Donald Black, Bho m’ Chridhe (From My Heart). Album Review.

Liverpool Sound and Vision Rating * * * *

Arguably the biggest crime against art is not that committed by the sneering critic, by the one who feels it is their duty to act like a frustrated and embittered teacher, to admonish anyone who has the heart to play and create something beautiful and ever-lasting. It is not the critic who commits the crime, it is the performer when they don’t play with the passion injected into them with the skill they have been blessed with.

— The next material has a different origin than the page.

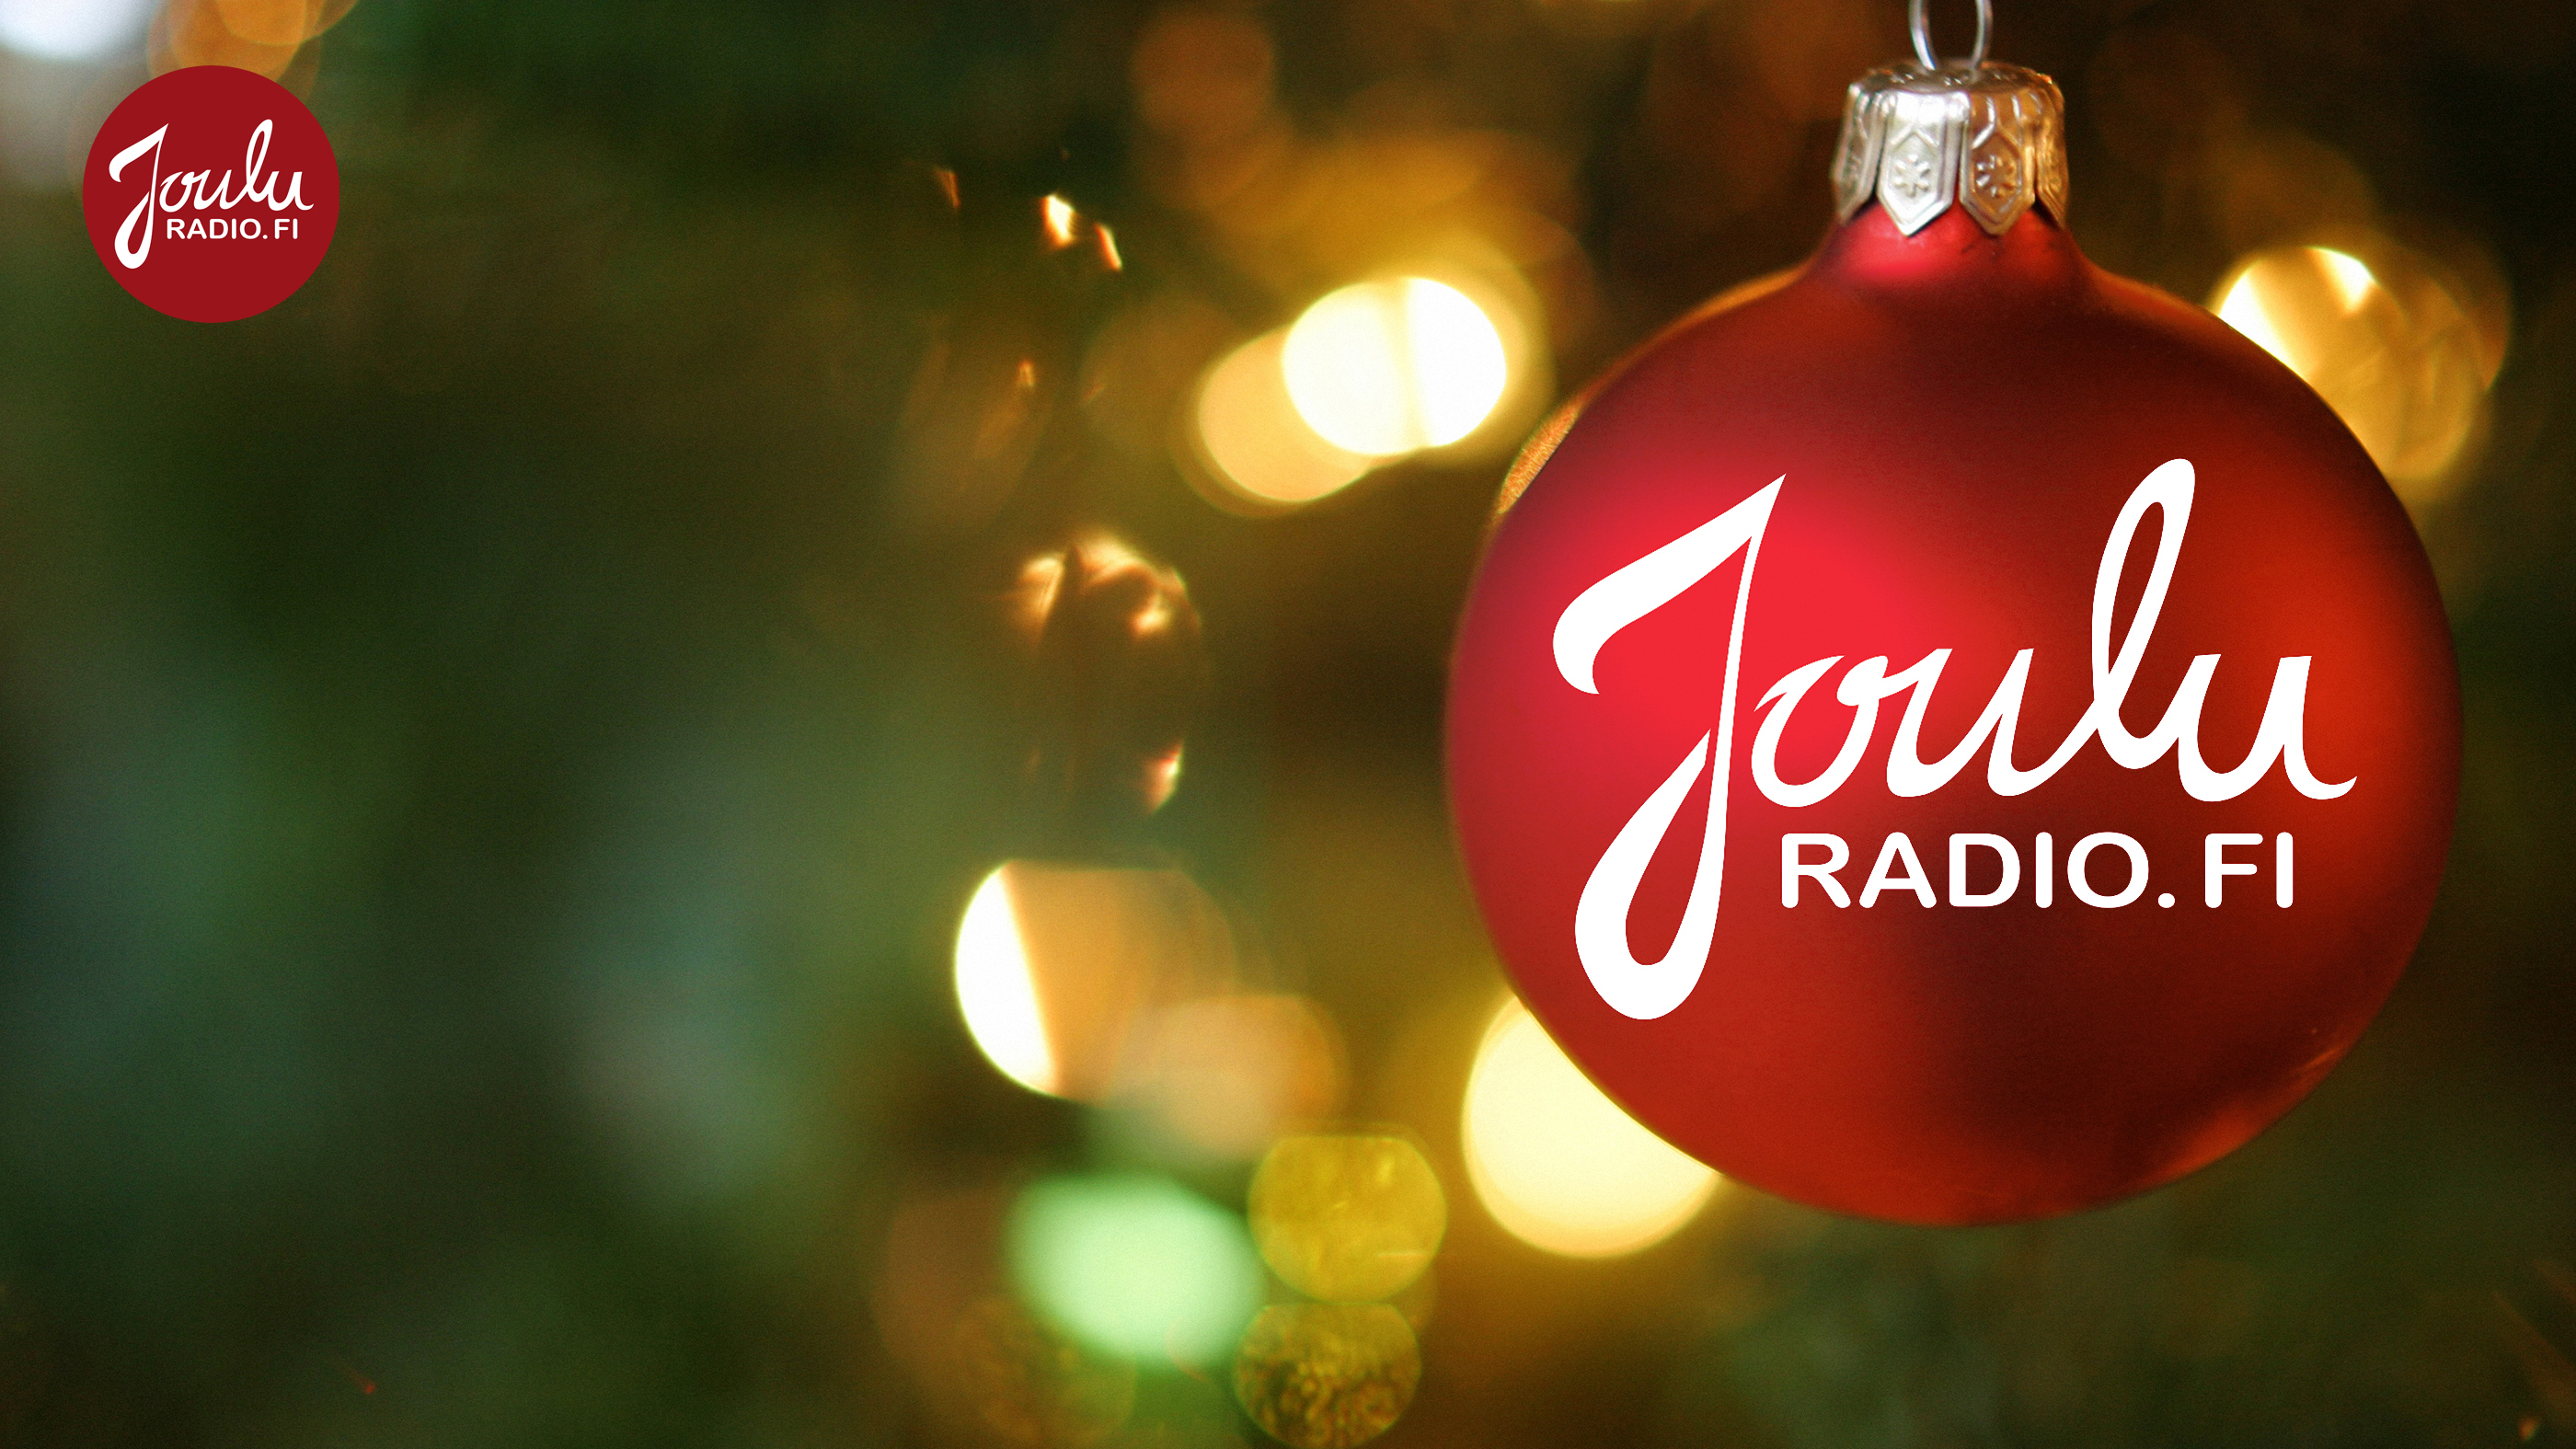 Punainen joulupallo riippuu kuusessa ja siinä lukee Jouluradio.fi

All you ever ask for as a listener at the gate is that someone will play with that heart, that stirring beast in which we all wish we could harness; sometimes it just doesn’t appear, quite often though we are allowed to see the enthusiasm, the fury and the love at first hand and in Donald Black’s Bho m’ Chridhe (From My Heart), the listener is seen as an extension of the art on offer.

It is the art of the harmonica that shines in the album, perhaps an instrument that does not get the recognition that it deserves outside of the delta Blues genre but one, when utilised with charm and guile, can leave the listener understanding why it can be so powerful a weapon of sincerity and cool, that it can act as a mouth driven sonar, bouncing back, adding a distinctive echo that captivates and encourages the potential in others to rise up and take notice.

The traditional songs tackled and won over are added to by the weight of acclaim rightly given by the addition of players such as Malcolm Jones, Charlie McCoy, Alec Dalglish, Allan Henderson, Donnie MacKenzie, Martainn Skene, Mario Collosimo, Andrew MacPherson and Addie Harper Jnr. In this huge combination across the 16 songs, the heart doesn’t just embrace, it finds a way to support and be respected for the pureness of the artist and his own beating machine in his body.

In the traditional tracks of Pipe Reels, Gaelic Memories, New Island Waltz, Slow Air and the marvellous Canadian Scottish (Two Step/Clog/Reels), Donald Black leaves more than his mark on the genre, he takes the harmonica and turns it into a series of softly delivered caresses that leave the listener exhilarated and wanting more.

Bho m’ Chridhe (From My Heart), is where life begins, the well played notes from even the smallest of instruments can still shake the foundations of a belief and have it adopt is stance to welcome the new addition.